The announcement came after the 4 p.m. close of the markets, but rumors earlier in the day drove Bank One's stock down 11.2%, to $34.625. The New York Stock Exchange halted trading in the stock minutes before the close, but the damage had been done.
The rumors were based on reports that the Chicago-based banking company had canceled an analysts' meeting scheduled to be held in New York on Monday. The bank did not return phone calls from journalists or analysts, but New York's St. Regis Hotel, where the meeting was to have been held, confirmed that the bank had canceled it before 1 p.m. Wednesday.

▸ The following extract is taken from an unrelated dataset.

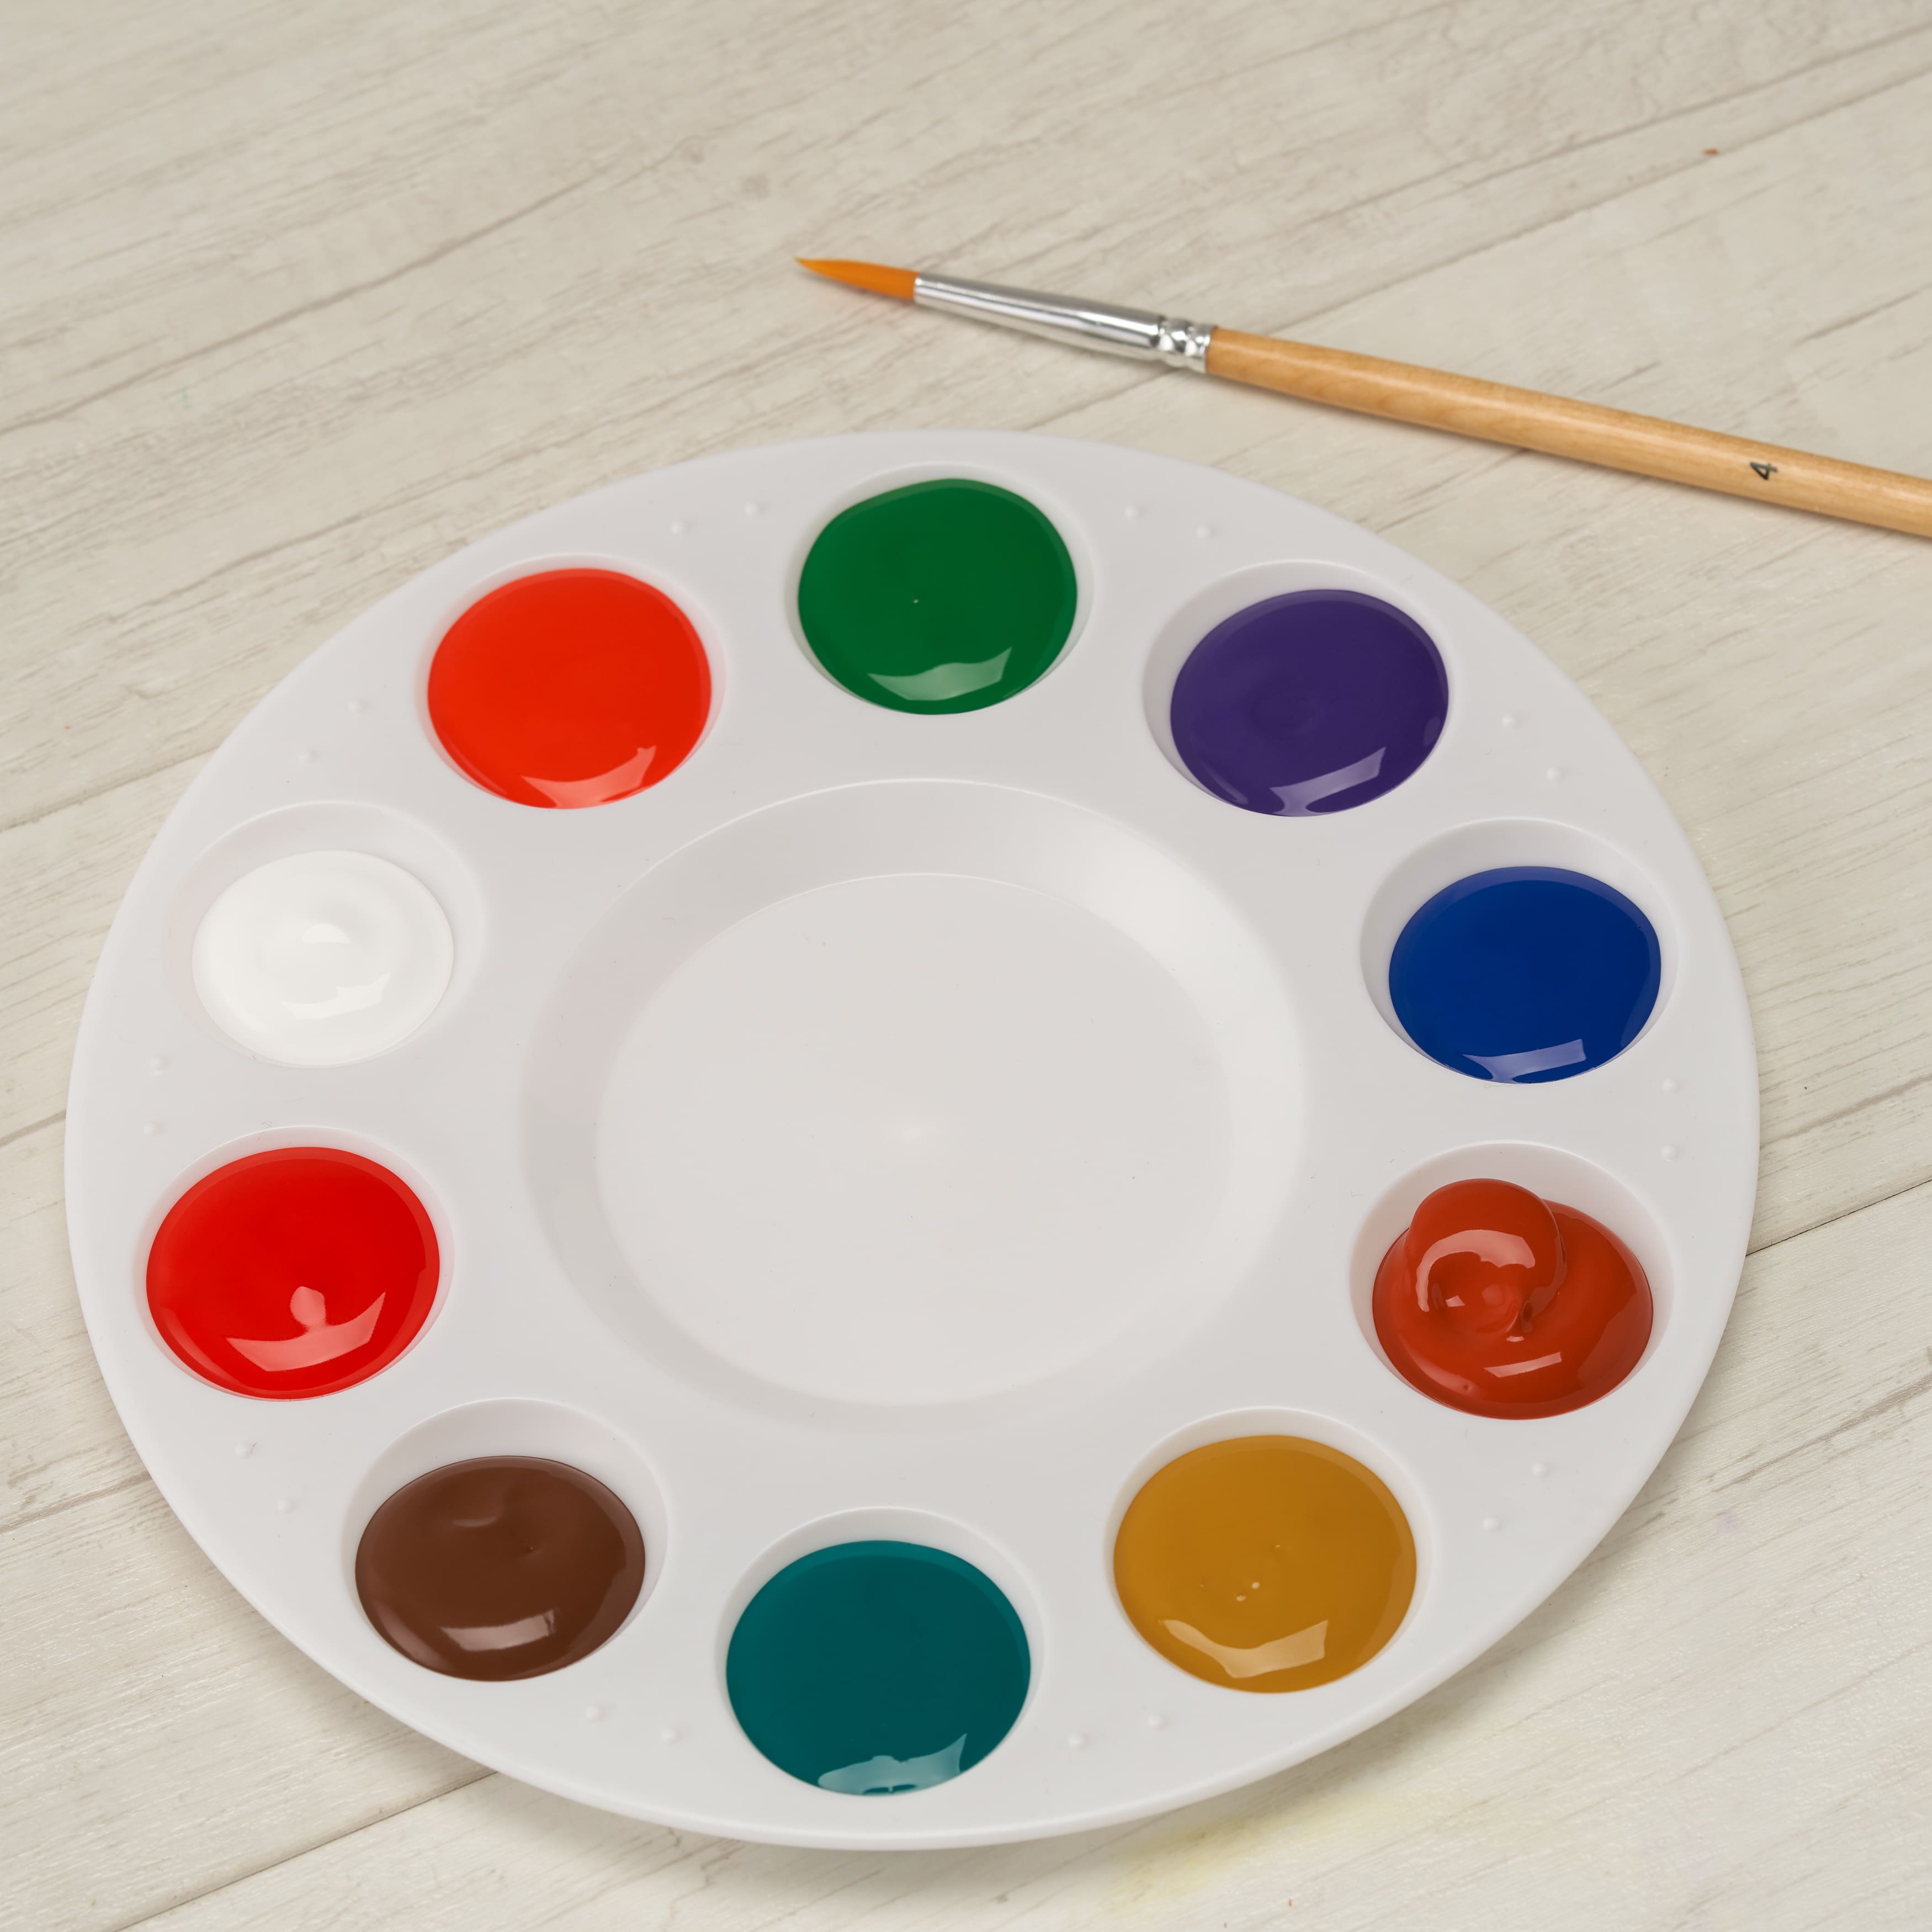 Round Artist Palette with Paints and Paint Brushes - Artist Palette -  Sticker
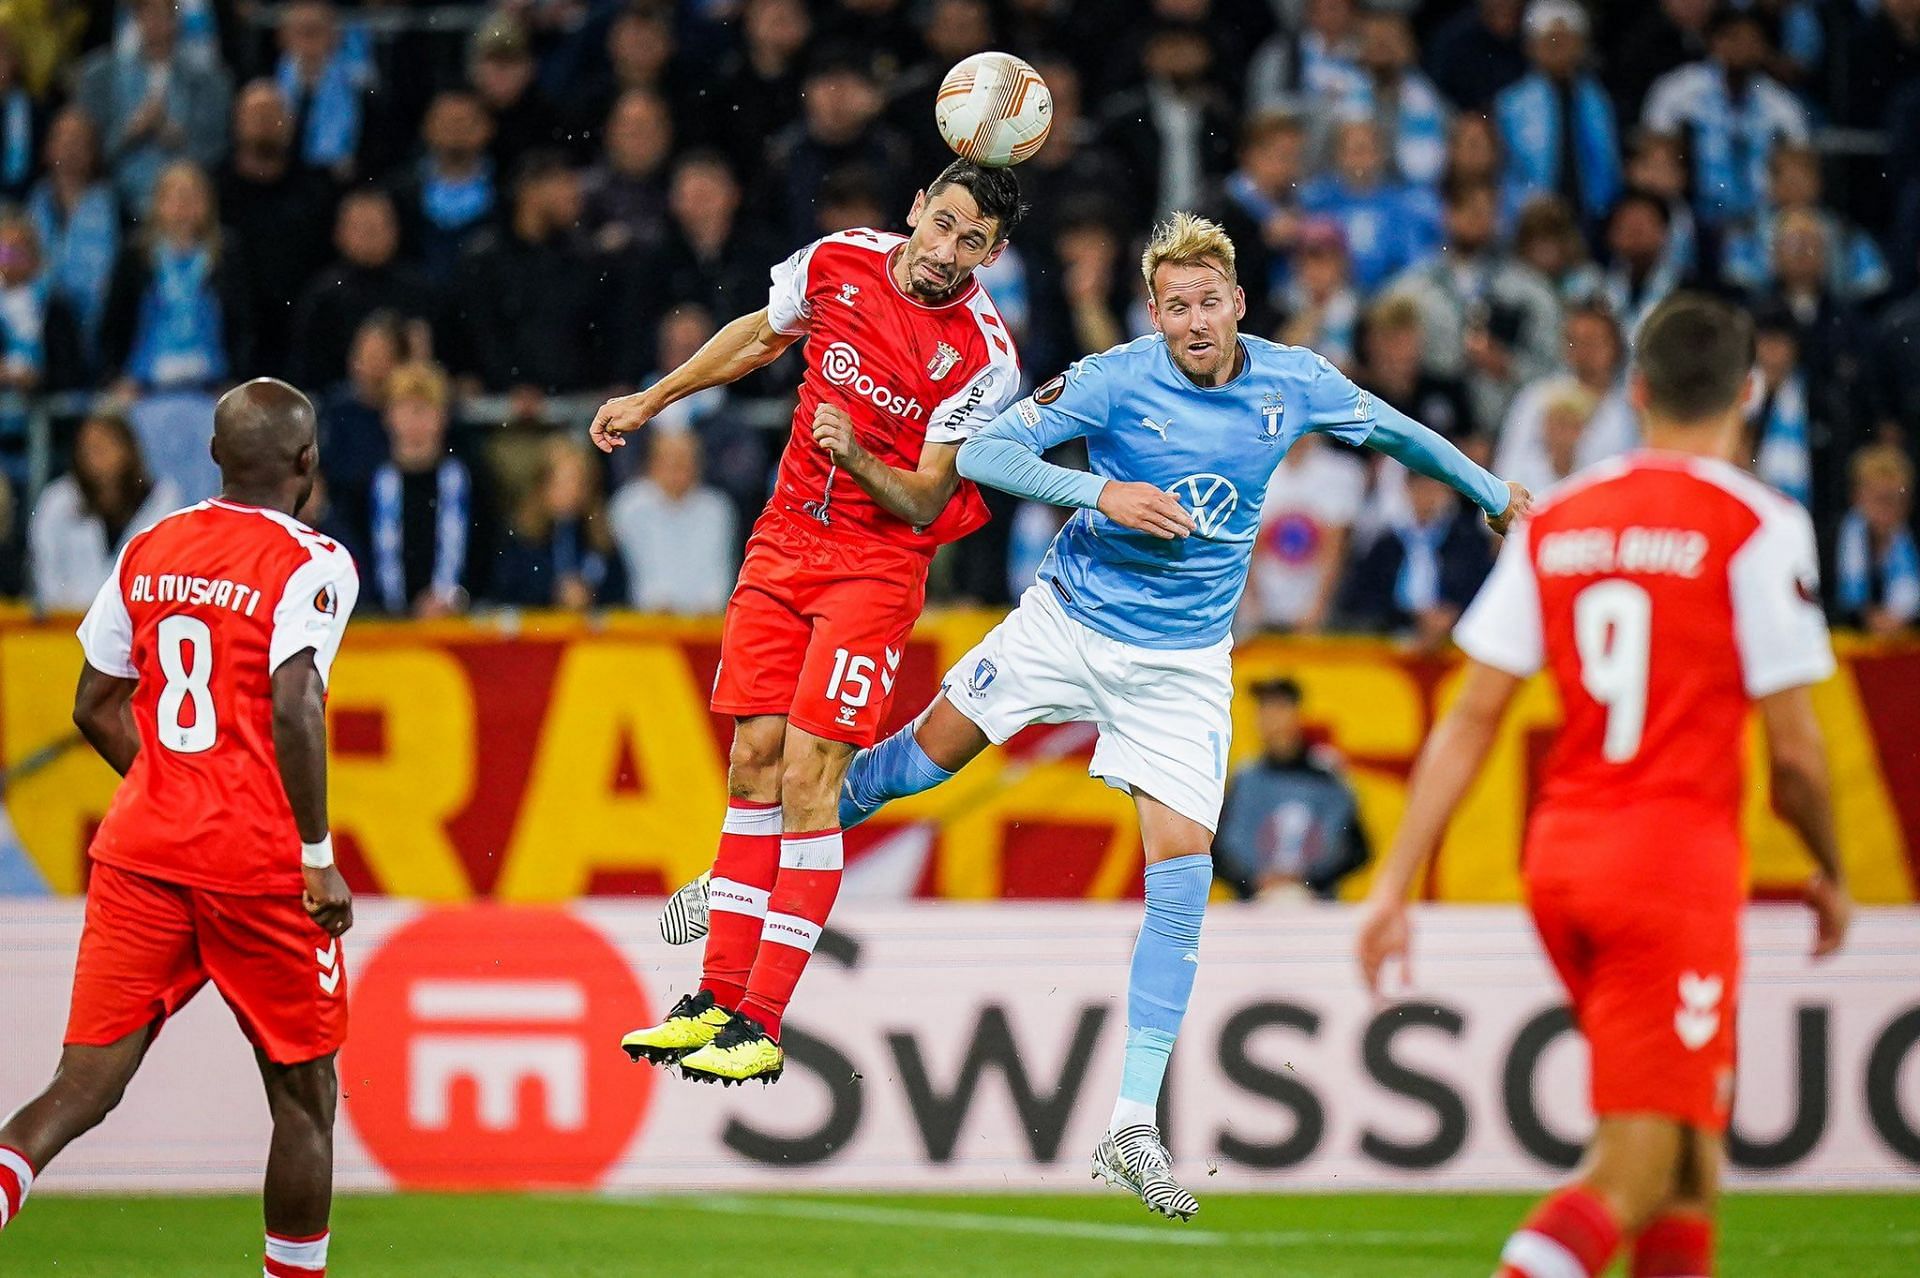 Malmo and Braga meet in the last group stage game of the Europa League on Thursday

Wednesday's plunge in Bank One's stock aggravated its steep decline since late August, when the banking company said it would fail to meet third-quarter earnings expectations. The decline accelerated in mid-October when Bank One said its third-quarter earnings had dropped 12%.
With Wednesday's decline, Bank One's stock is down 37% from $55.8125 on Aug. 24, before the company announced it would not meet third-quarter earnings expectations.
Speculation became widespread that chief executive officer John B. McCoy's job would be on the line if he failed to fix Bank One's ills. In an interview with American Banker in October, Mr. McCoy acknowledged that "any CEO is in danger of losing his job." He said, however, that he expects to be in his job until he reaches retirement age of 65. He is now 56.
To assuage investors following the third-quarter earnings report, Bank One reshuffled its top management. Richard W. Vague, who was a rising star at the bank, suddenly resigned. Mr. Vague had been in charge of Bank One's First USA credit card unit and also had been responsible for the company's ambitious Internet banking strategy. The company attributed most of its problems to First USA.
At the time, Mr. McCoy's responsibilities were narrowed, and he now focuses primarily on getting the First USA Inc. unit back in shape. Though still CEO, Mr. McCoy's other title was changed to chairman, from president.
In his written statement Wednesday, Mr. McCoy again blamed Bank One's problems primarily on First USA: "In August we advised investors of the earnings pressure we were seeing at First USA," he said. "Bill Boardman, newly appointed head of First USA, and his team have done an excellent job in examining and understanding the details necessary to evaluate the core trends of First USA's businesses. Part of this review's findings, as well as the continuation of the trends noted in August, have resulted in the lower 1999 fourth quarter earnings outlook."